# [Work required]
Starting at the line below that contains "A chef influencer" and ending at the line that contains "Draft A (2015-06-12)", retype each line exactly as it stands, but omit the pictures.
··· Dataset records
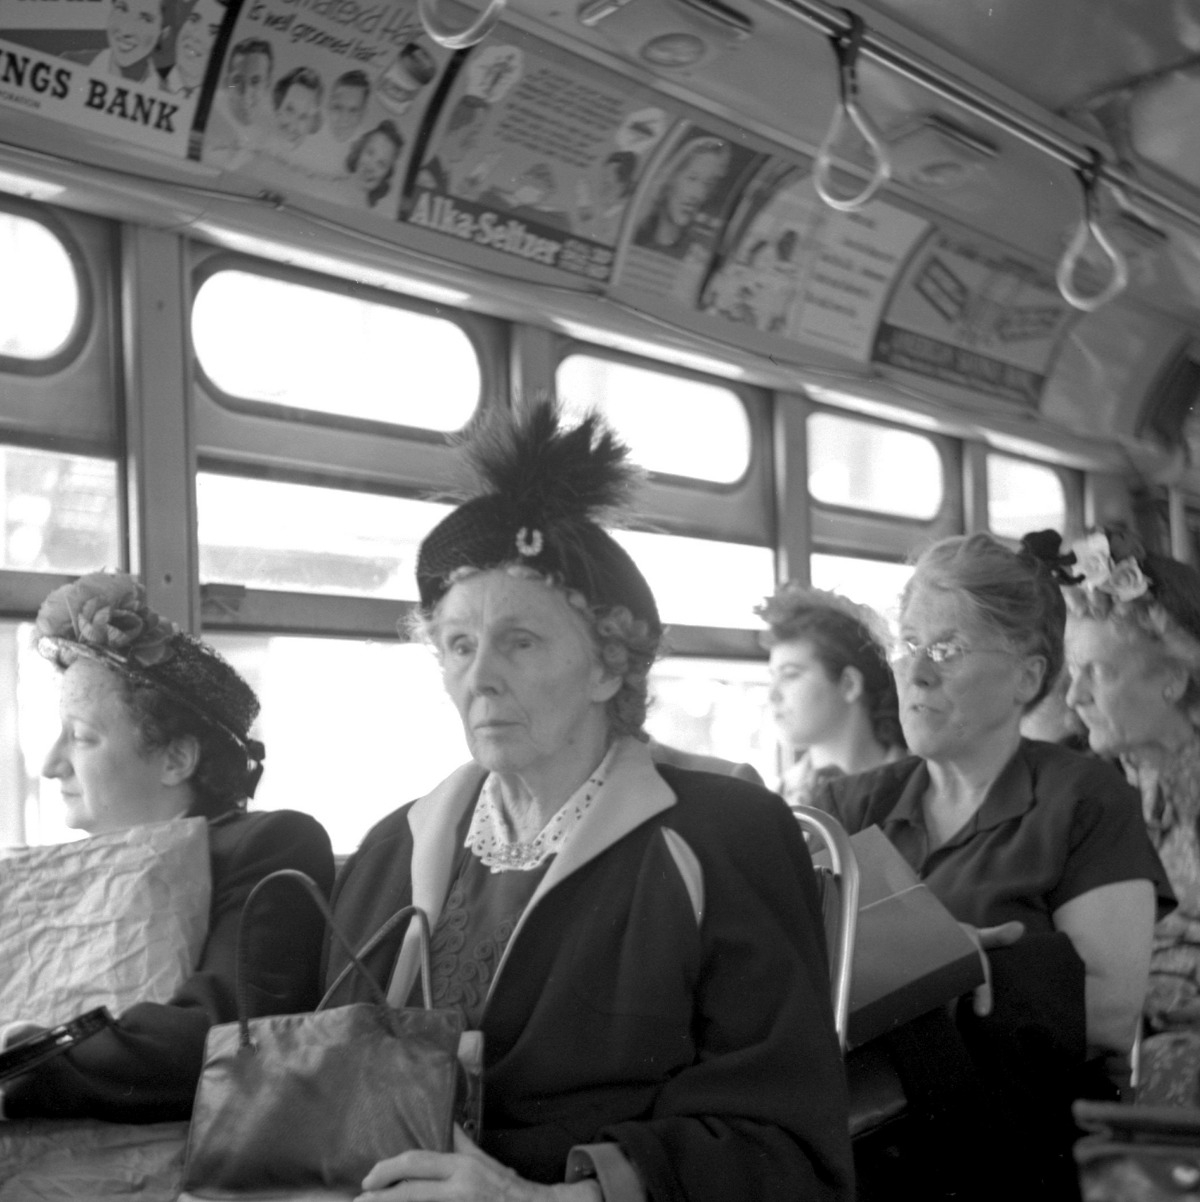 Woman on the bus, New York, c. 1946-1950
······
··· Dataset records
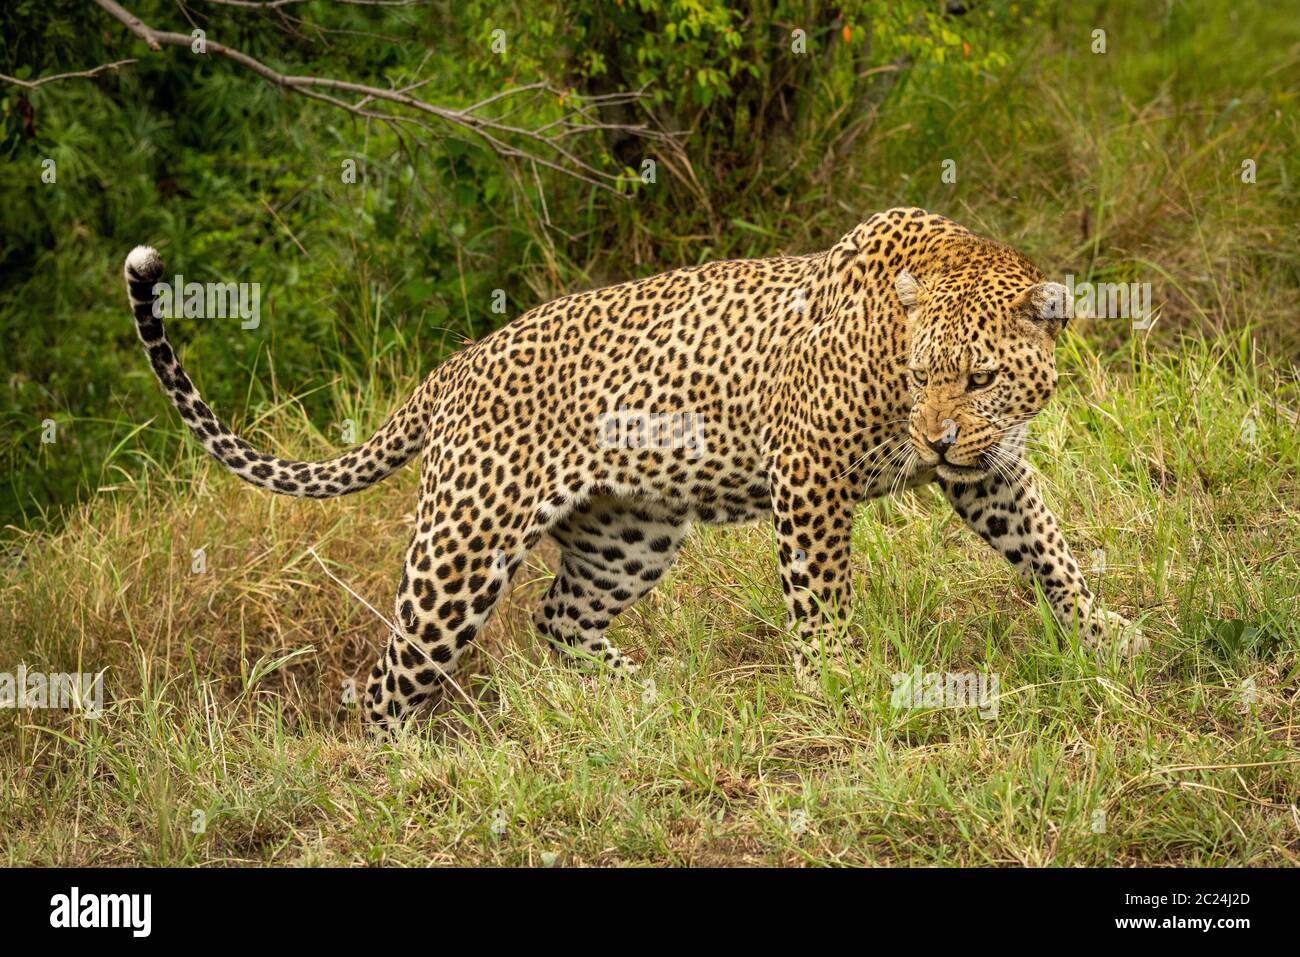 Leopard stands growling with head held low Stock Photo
······
··· Dataset records
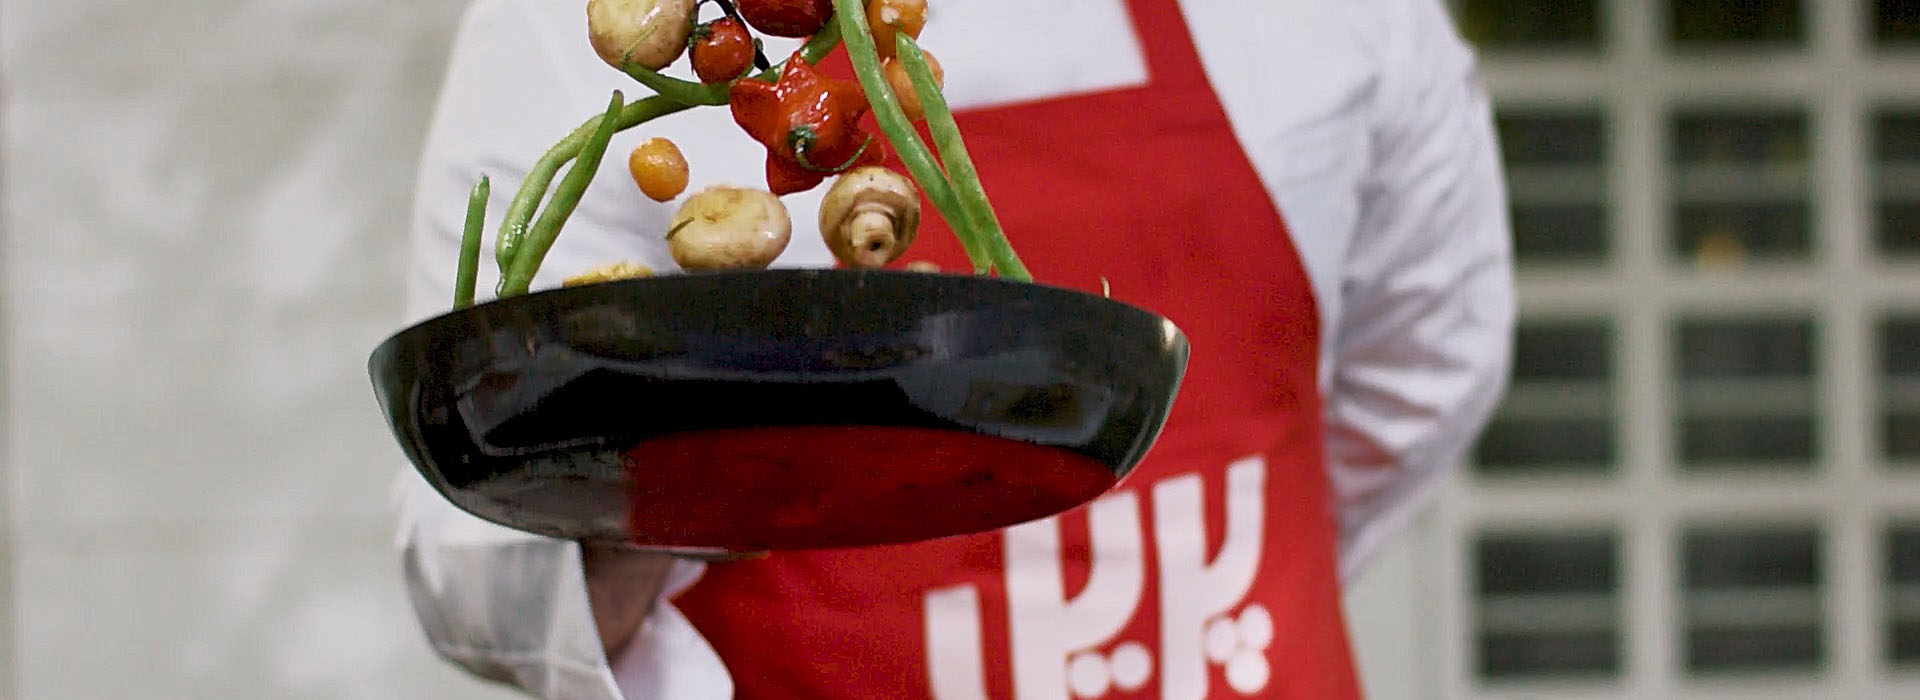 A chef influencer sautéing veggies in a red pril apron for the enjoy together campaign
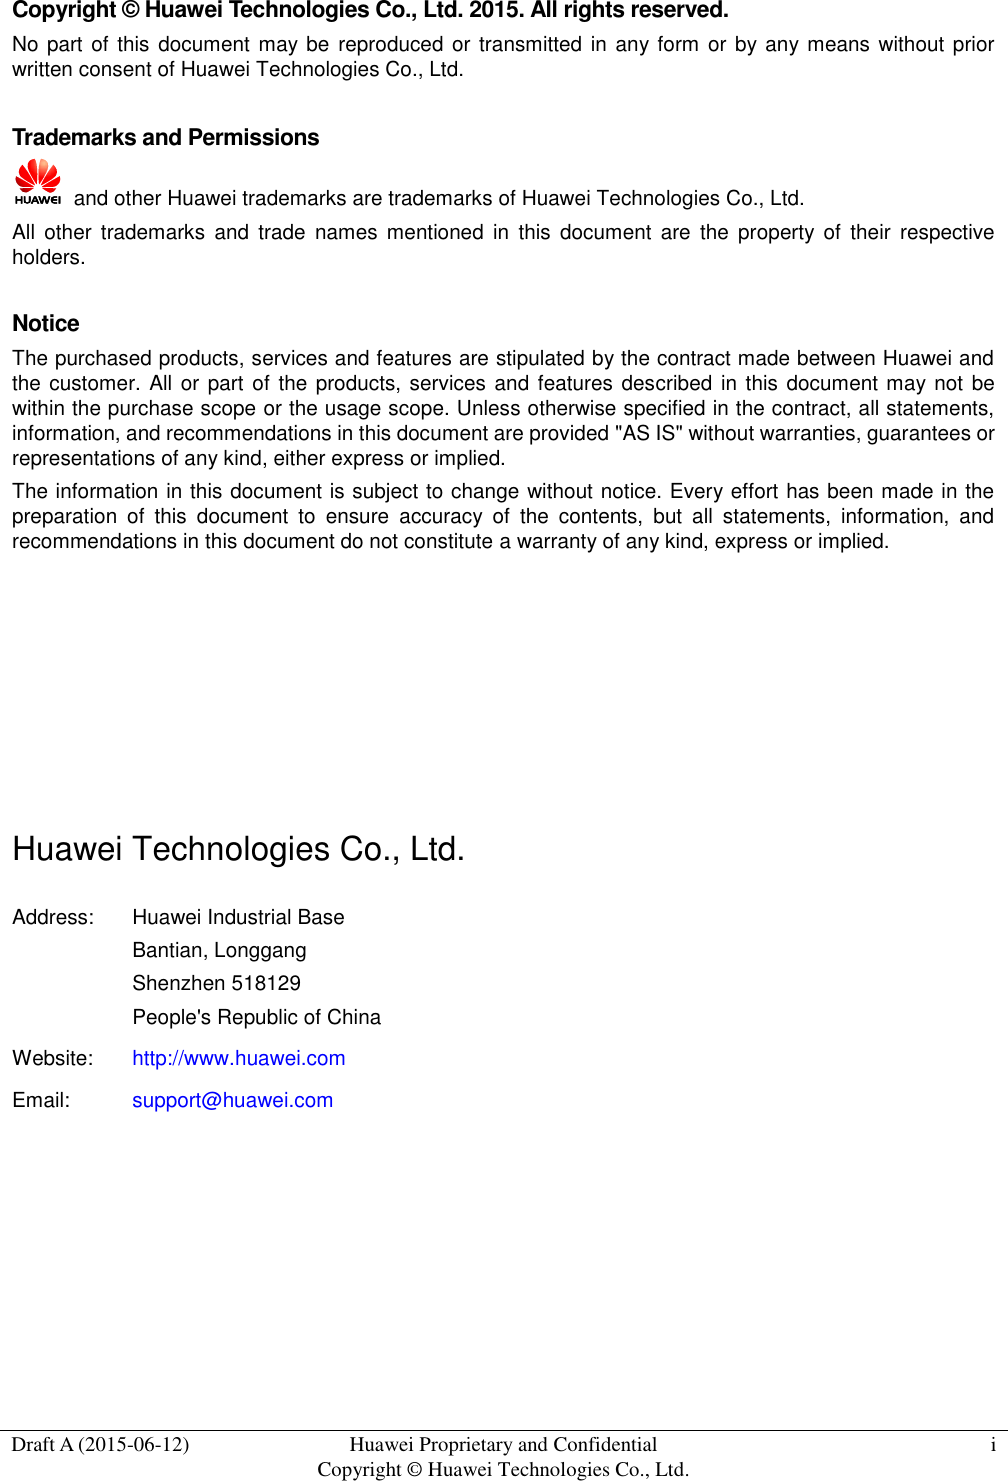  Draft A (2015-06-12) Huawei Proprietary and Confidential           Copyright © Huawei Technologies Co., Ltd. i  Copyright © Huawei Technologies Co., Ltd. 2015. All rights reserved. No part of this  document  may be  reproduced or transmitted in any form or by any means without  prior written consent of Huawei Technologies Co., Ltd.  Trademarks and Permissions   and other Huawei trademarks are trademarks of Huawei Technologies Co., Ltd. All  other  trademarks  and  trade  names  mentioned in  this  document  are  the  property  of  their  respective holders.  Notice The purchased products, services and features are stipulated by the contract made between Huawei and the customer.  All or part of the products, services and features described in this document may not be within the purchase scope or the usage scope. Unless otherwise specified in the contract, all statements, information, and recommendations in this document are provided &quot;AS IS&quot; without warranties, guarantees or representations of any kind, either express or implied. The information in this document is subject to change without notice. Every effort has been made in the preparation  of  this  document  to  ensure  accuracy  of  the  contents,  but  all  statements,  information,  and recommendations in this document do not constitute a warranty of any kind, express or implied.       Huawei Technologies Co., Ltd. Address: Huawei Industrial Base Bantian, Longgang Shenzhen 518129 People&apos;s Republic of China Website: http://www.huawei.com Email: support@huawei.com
······
# [Solution]
 A chef influencer sautéing veggies in a red pril apron for the enjoy together campaign
  Draft A (2015-06-12) Huawei Proprietary and Confidential           Copyright © Huawei Technologies Co., Ltd. i  Copyright © Huawei Technologies Co., Ltd. 2015. All rights reserved. No part of this  document  may be  reproduced or transmitted in any form or by any means without  prior written consent of Huawei Technologies Co., Ltd.  Trademarks and Permissions   and other Huawei trademarks are trademarks of Huawei Technologies Co., Ltd. All  other  trademarks  and  trade  names  mentioned in  this  document  are  the  property  of  their  respective holders.  Notice The purchased products, services and features are stipulated by the contract made between Huawei and the customer.  All or part of the products, services and features described in this document may not be within the purchase scope or the usage scope. Unless otherwise specified in the contract, all statements, information, and recommendations in this document are provided &quot;AS IS&quot; without warranties, guarantees or representations of any kind, either express or implied. The information in this document is subject to change without notice. Every effort has been made in the preparation  of  this  document  to  ensure  accuracy  of  the  contents,  but  all  statements,  information,  and recommendations in this document do not constitute a warranty of any kind, express or implied.       Huawei Technologies Co., Ltd. Address: Huawei Industrial Base Bantian, Longgang Shenzhen 518129 People&apos;s Republic of China Website: http://www.huawei.com Email: support@huawei.com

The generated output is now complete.